There is no shortage in trust marks, as there are currently over 300 e-commerce trust marks worldwide. But most of these existing trust marks are national initiatives, focusing on a single or a few aspects of e-commerce like reliability, security and reviews. This separate (national) certification can complicate things, and can be especially complex for small- and medium sized e-commerce companies. Safe.Shop wants to bridge the borders, grow consumer confidence, and stimulate e-tailers to sell cross-border.

“We don’t intend to build a trust mark from scratch. There are many national retail and e-commerce associations and trust marks which already have a trusted certificate”, says Jorij Abraham, Director of the Ecommerce Foundation. “They know the local market and can serve local retailers and online stores much better than a central organisation could. Collaborating with local trust mark partners enables us to use the strength of the local brand and to build a global trust mark together.”
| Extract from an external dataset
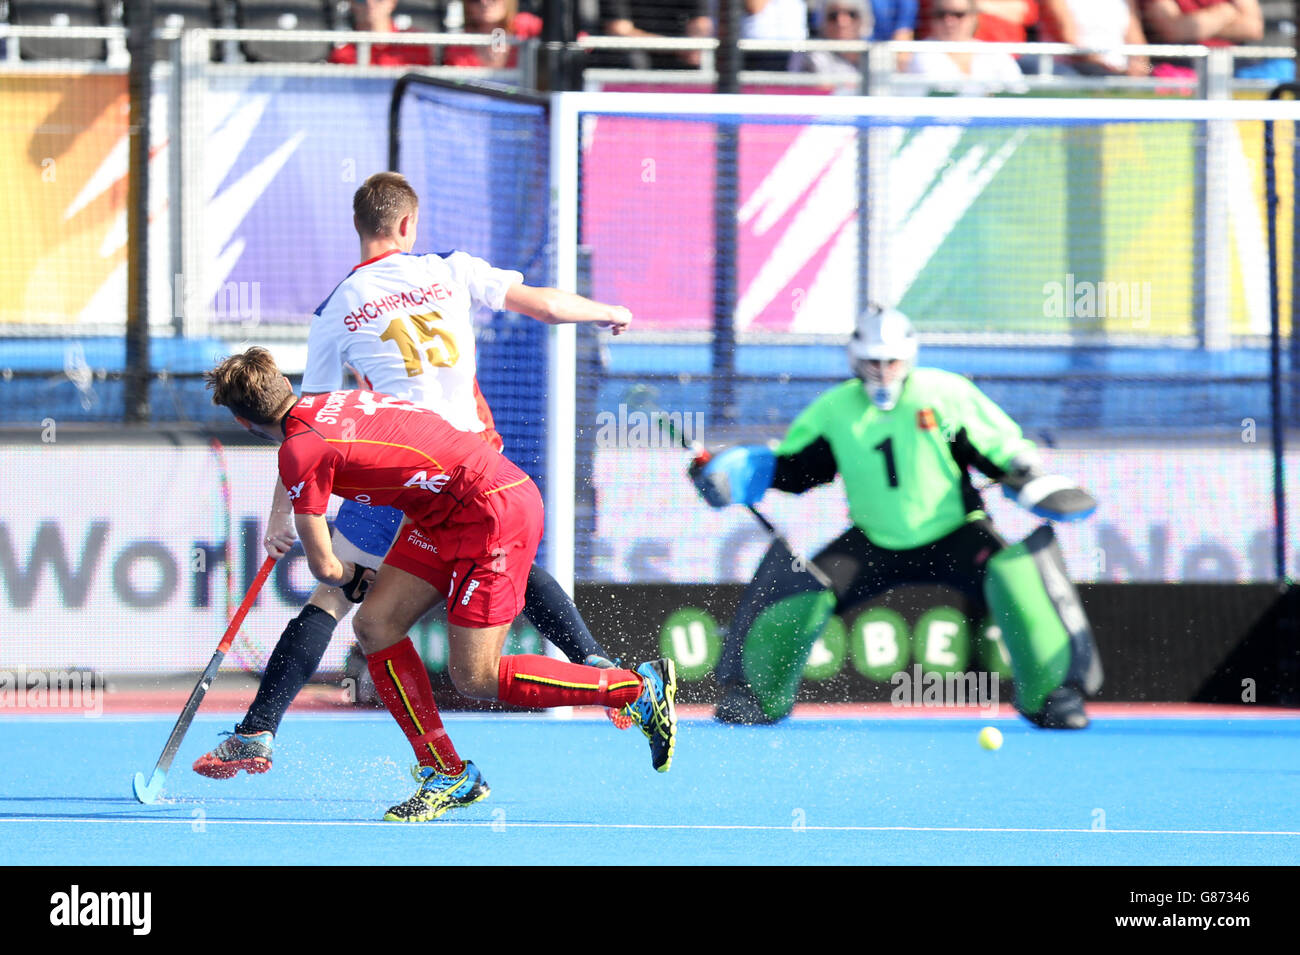 Belgium's Emmanuel Stockbroekx (left) scores his side's sixth goal of the game during the Pool C Classification match at the Lee Valley Hockey and Tennis Centre, London. PRESS ASSOCIATION Photo. Picture date: Saturday August 29, 2015. Photo credit should read: Simon Cooper/PA Wire Stock Photo

The first 13 countries that will implement Safe.Shop are Brazil, China, Croatia, Hong Kong, Germany, Iceland, Japan, Malaysia, Russia, Romania, Senegal, Switzerland and the Netherlands. Supported by national e-commerce associations new processes and systems will be optimised according to the Global Ecommerce Code of Conduct. Safe.Shop aims to have 30 countries to connected by the end of 2018, and is currently negotiating with e-commerce associations in Canada, France, Mexico, Spain, South Korea, the UK and the US.

Online stores can apply for the trust mark through their national e-commerce association or on the website.